The sum was definitely more than the parts, for Henry’s pared-down, handsome face began to take shape: the Grecian nose and high cheekbones, so like Mark’s, his bony forehead and fine silver hair … the bright blue of his eyes in their nest of laughter and sun lines and those straight lips, with curved, humorous corners.
He’d brought his novel, but today his mind seemed firmly set on his work, the epic novel-length poem cycle about the drowning of the valley. While I painted, he told me a little about it.
‘The strong sense of place still remained long after the village vanished under the water. In fact, it still does,’ he said. ‘My golden childhood with Clara wasn’t washed away. It still exists and always drew me back over the ensuing years. Clara felt the same way.’
‘I can understand that, because the moment I saw the valley, evenIfelt a connection with it. River would say that it was old magic and the ley lines drawing me in.’

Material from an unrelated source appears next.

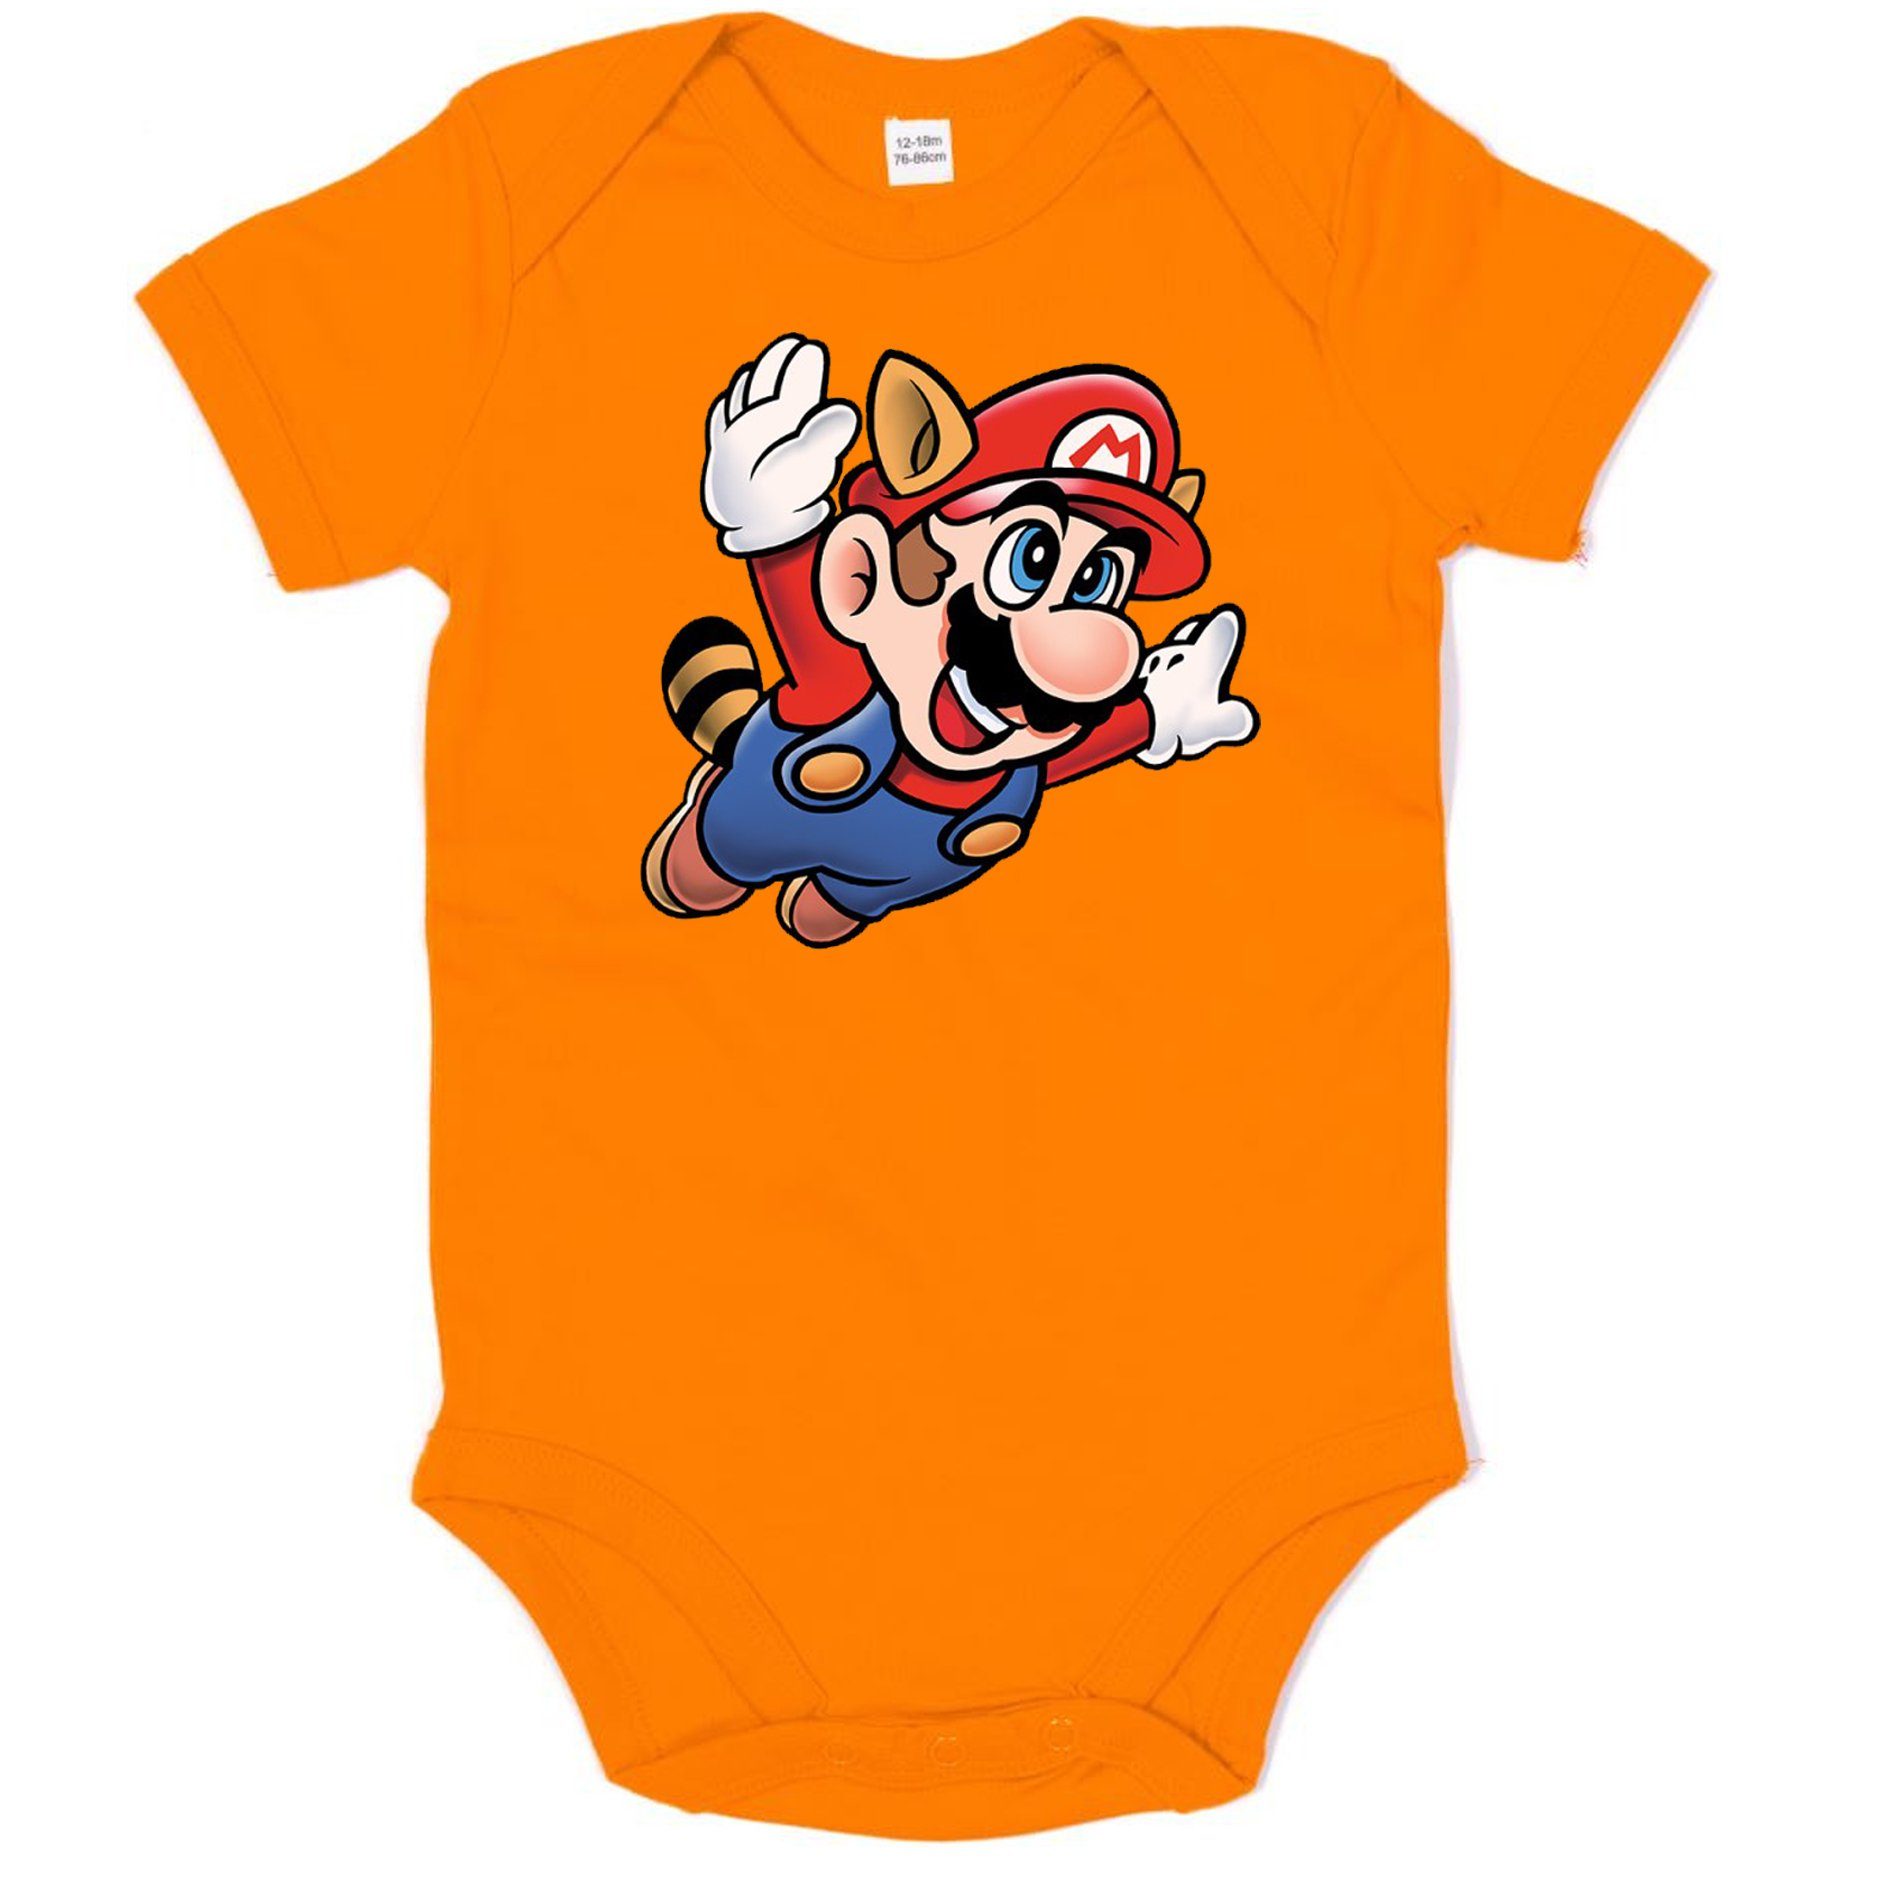 Blondie & Brownie Strampler Kinder Baby Super Mario 3 Fligh Nintendo Gamer Nerd Konsole Orange

Henry looked at me curiously. ‘You felt that too? Interesting,’ he murmured, then added, ‘I wanted to show the effect of the drowning of the valley, not only on the human inhabitants, but from the viewpoint of the creatures displaced or drowned. The trees, the plants, the fish and insects – even the birds. The thrush that nested every year in an old watering can hung on the barn wall at the inn, the fox that used to hide in the vicarage greenhouse when the hunt came by, and the badgers in the copse over the humpbacked bridge, who led their own lives at dusk when we slept.’
His voice, low but wonderfully resonant, swept on. ‘The silenced bells, removed to the big, ugly church at Thorstane, and the ancient inscribed pre-Christian stone that stood in the churchyard, which inspired Clara to take up epigraphy, now relocated to the Underhill estate. Much was moved, but you can’t take the dead, or the weight of time that holds down a place, with you.’